Marsh deer

The marsh deer (Blastocerus dichotomus) is the largest of the South American cervids. Its body is almost 2 meters long and its tail can measure up to 16 cm, weighing between 100 and 150 kg. Males have branched antlers that are used to compete with other males for females and resources. Its fur is woolly, the body color is auburn and reddish brown, the belly is white and the legs are black. The black snout is also notable. The marsh deer has one offspring per birth, but can occasionally have twins. The offspring stays with the mother until its first year.

It inhabits open areas of the lowlands, preferring the flooded savannah ecosystems and water bodies where it finds food consisting mainly of aquatic grasses and herbs. Its distribution in Bolivia includes the Departments of La Paz, Beni and Santa Cruz, in the ecoregions of the flooded savannas of northern La Paz, the Moxos plains, the Pantanal,the Chaco and Cerrado, between 100 and 400 masl. It is an endangered species described as vulnerable (VU) in the Bolivian Red Book for Vertebrates due to habitat loss associated with livestock productionand hunting. The protected areas of Madidi, Noel Kempff Mercado and Otuquis support populations of the species.
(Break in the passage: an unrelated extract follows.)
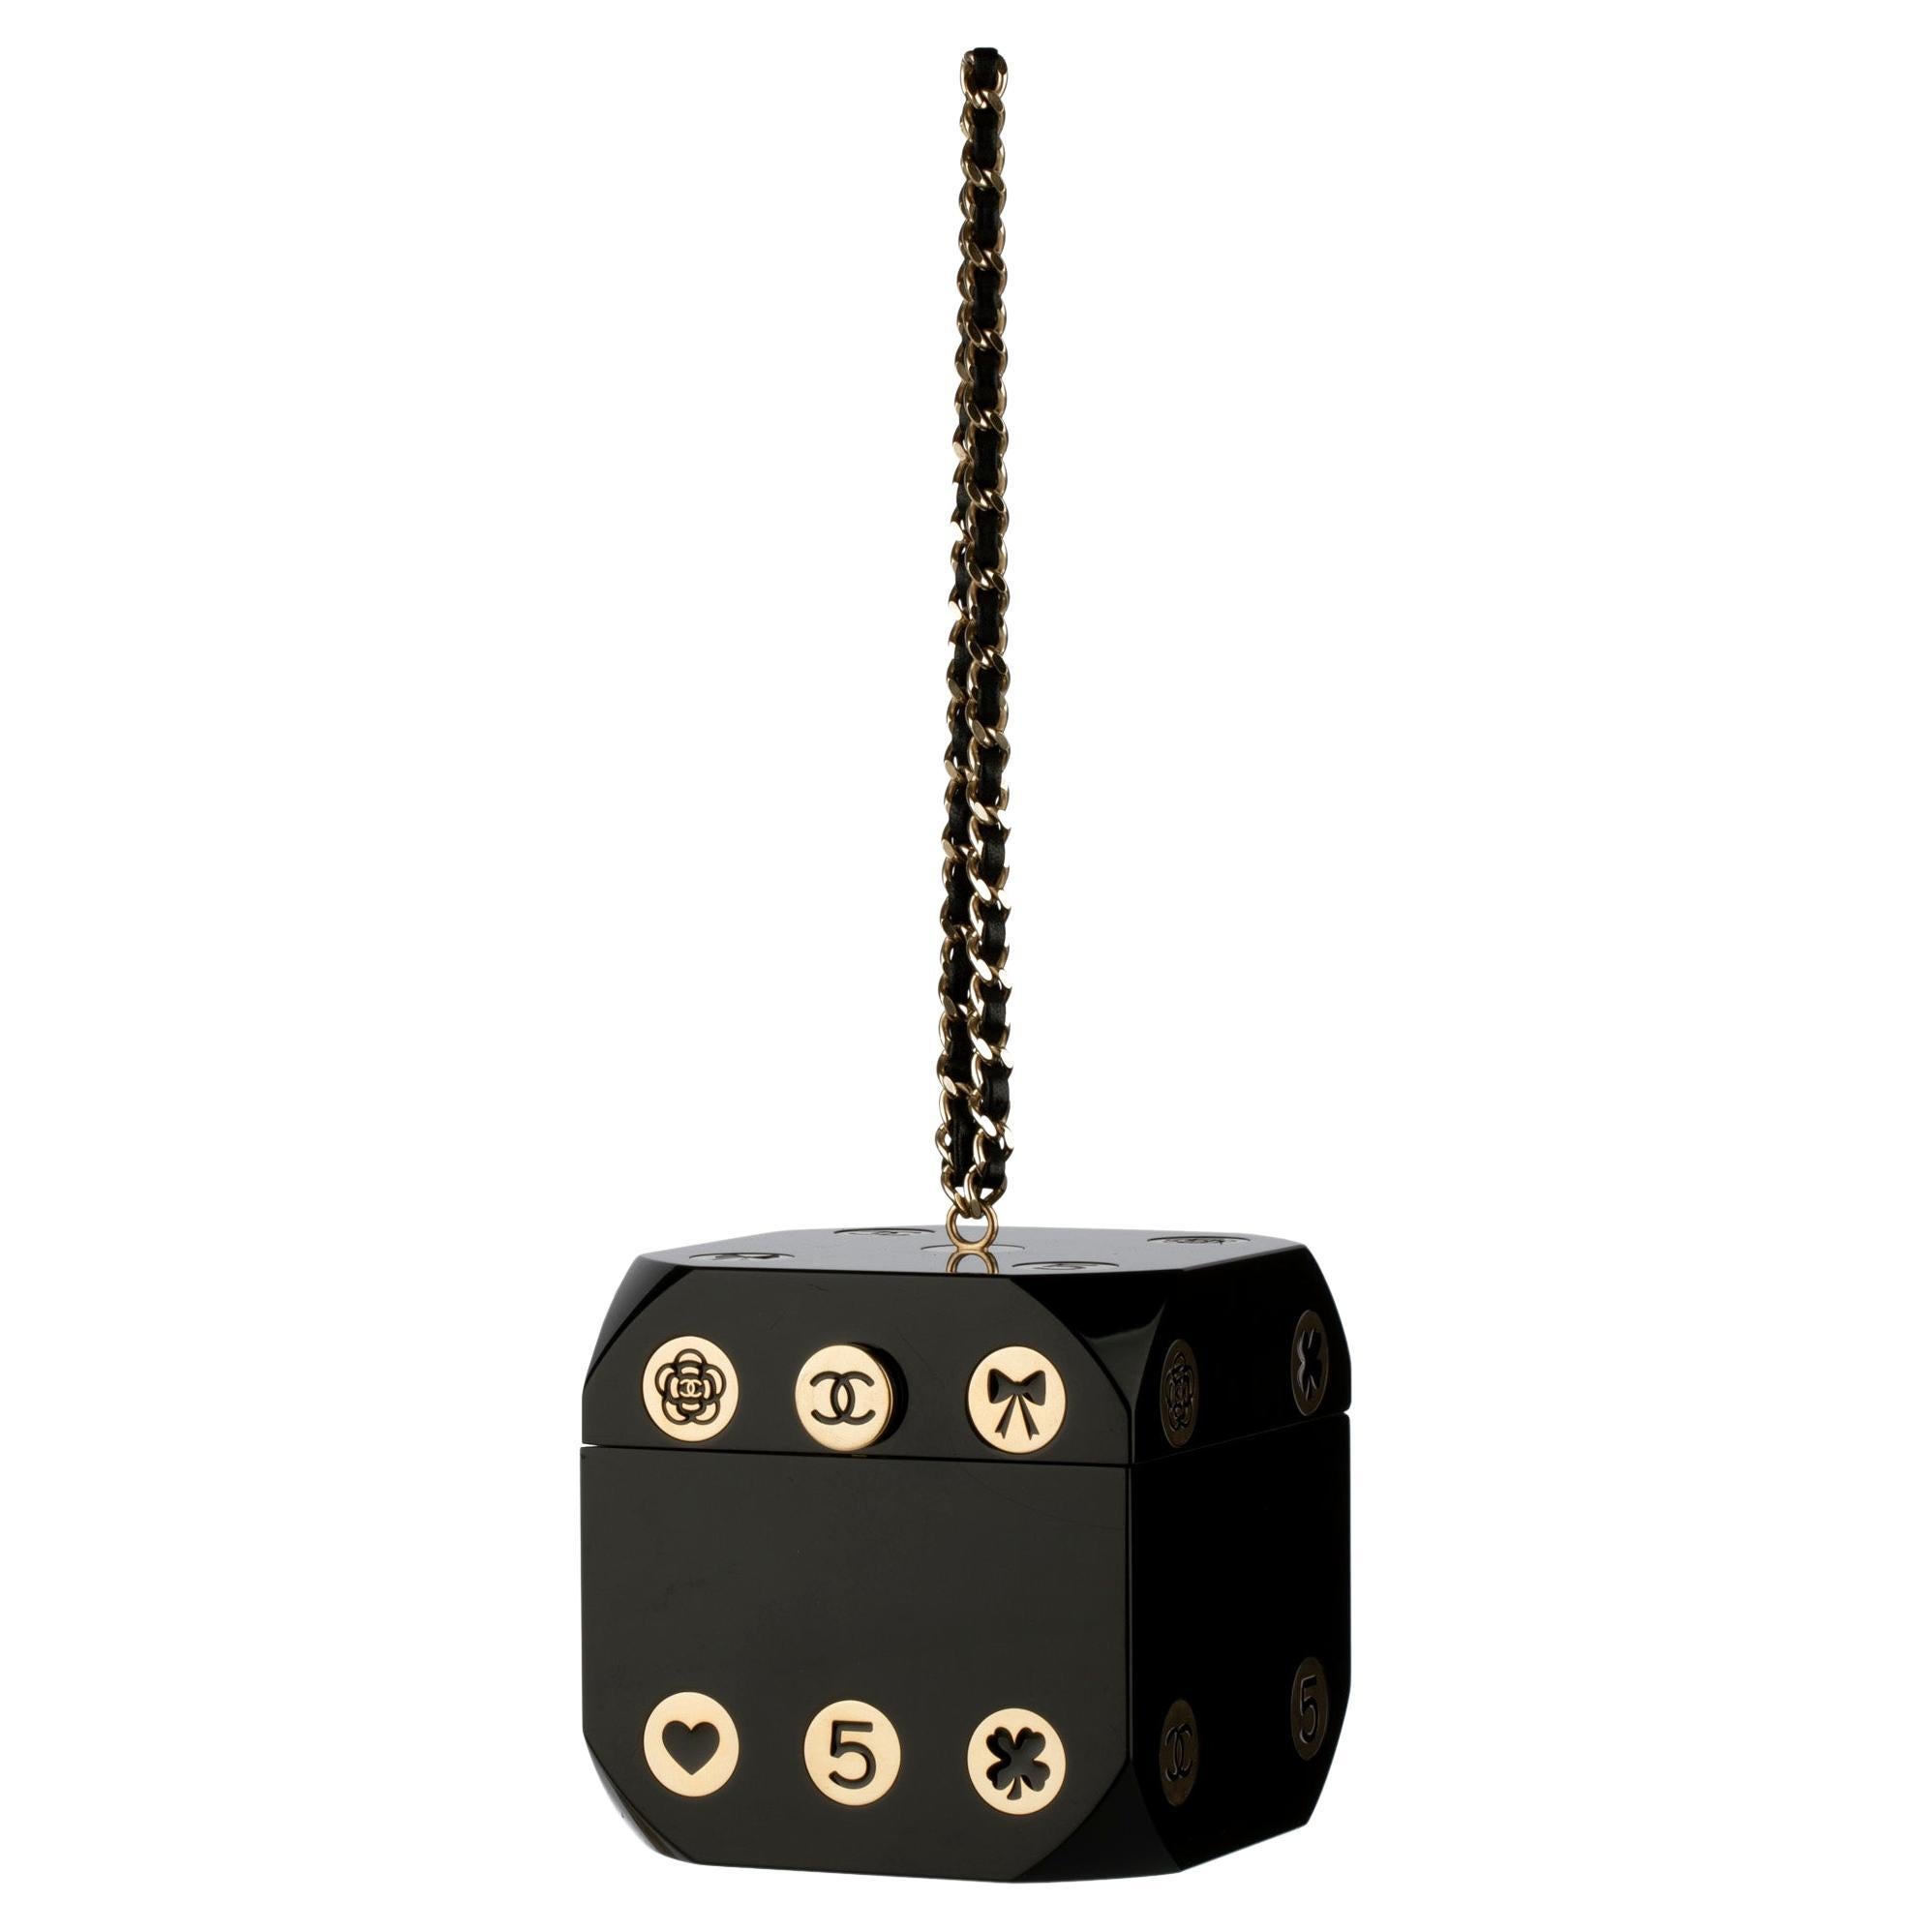 Chanel Minaudière Limited Edition Casino Dice Black Gold-Tone Hardware For Sale

Since 2004 WCS has collected information for Blastocerus dichotomus in northern La Paz, at first by overflights in limited areas to count populations in Pampas del Heath, within the Madidi National Park and its area of influence estimating high densities for the species: 0.84 individuals/km2. Later, in 2005, deer counts by terrestrial transects were made in the savannahs of Tacana I Indigenous Territory, obtaining a relative abundance of 0.48 individuals/km.

In 2007, studies continued by conducting over flights in the savannas of northern La Paz and the savannas bordering the Mamore and Itenez Rivers in the Department of Beni, as part of Boris Ríos-Uzeda master’s thesis, supported by WCS. The results of this study demonstrated the density of the species in these broad regions: 0.24 individuals/km2 in La Paz and 0.12 to 0.15 individuals/km2 in Beni.

These studies established the presence of significant populations of marsh deer, around 2.500 individuals, in the northern plains of La Paz representing a critical area for the conservation of this species in Bolivia.